Now on view at the Historical Society of Pennsylvania as part of a “200 Years of Lincoln Exhibit,” and the subject of doctoral candidate Kaye Wise Whitehead’s dissertation, Emlie Davis’ diaries fill in a crucial gap in historical literature from this time period, providing a look at the life of an ordinary free black woman in her own words.

During a lecture held at the Historical Society of Pennsylvania Wednesday night, Ms. Whitehead discussed her own reading of Davis’ diary entries in the context of secondary sources and in the historical setting of mid-1800s Philadelphia.

The journal entries — mostly brief paragraphs consisting of around 30 to 60 words — recount both the ordinary and historic details of life during the Civil War. They note the first African-American draft call, family members going off to fight, the funeral procession for Abraham Lincoln and a lecture given by Frederick Douglass, yet the diary also contains the small details of Emlie’s personal life, too. These mundane, sometimes petty recordings reinforce the knowledge that this diary was not created as a historical record, but rather as a testament to one woman’s personal life.

And while Davis’ entries are brief, she wrote every single day for three years, giving new insight to life as a free black woman — though Davis was officially recorded as “mulatto” by the 1860 census, which likely influenced her ability to attend various functions and events. The diaries also reveal that, although Davis has no recorded source of steady income, she regularly attended societal events, went shopping, traveled and enjoyed many privileges that were only dreamed of by hundreds of thousands of her still-enslaved black peers. As a result, her diaries are an unusual glimpse at how a small community of black men and women lived in Philadelphia during the 1860s.

Still, though, she recorded her own life on a daily basis, Davis’ diaries are full of historical gaps, many filled in by Ms. Whitehead’s research. A sparse entry that notes merely a “good turnout” at a “meeting” is revealed through secondary research to indicate Davis’ membership in the highly influential Ladies Union Association, an organization that raised money for black soldiers who were enlisted in the army. Further research into the demographics of Davis’ church — the First African Presbyterian Church — reveals that Davis was considered a middle-class mulatto woman with some money  — not quite enough to attend the more prestigious church, except as a guest at lectures — but enough to lead a life in respectable society. Ms. Whitehead’s decision to read Davis’ words through the lens of black feminist theory also tempers her story, though Ms. Whitehead notes a continued commitment to reading the diaries with what she calls a “determined exactness.” As a result, she is committed to “not using a $25 word when a 5-cent word would do.”
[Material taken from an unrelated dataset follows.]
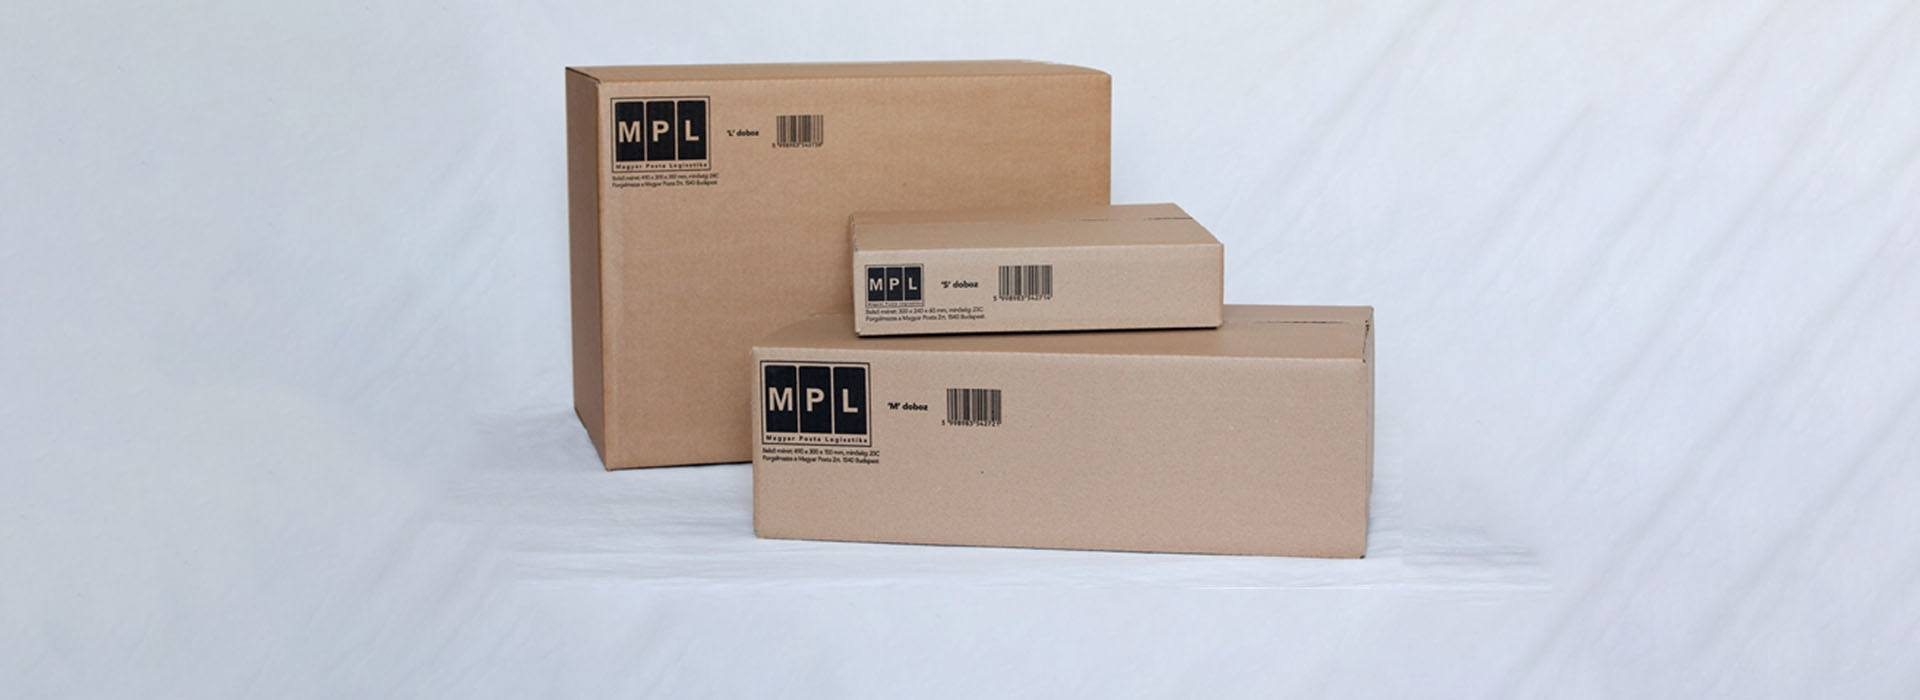 A képen különböző méretű, szabványos MPL felirattal ellátott dobozok láthatóak.

And this is a wise choice. In her transcription, Ms. Whitehead has retained Davis’ exact language, punctuation and meaning as closely as possible, leaving the original words and phrases intact. Yet while Davis’ spelling and grammar sometimes reflects the primary education that she would have received as a middle-class black woman, the fact that she bothered to document her story at all is a conscious act of identity assertion; even if she didn’t write at great length, there was something about her story that she felt was important to preserve.

Her instincts have proved true, as her diaries give us new insight into Philadelphia society, historical events, and just the everyday experiences of being a free black woman in the 1860s with the undeniable twinge of first-person truthfulness.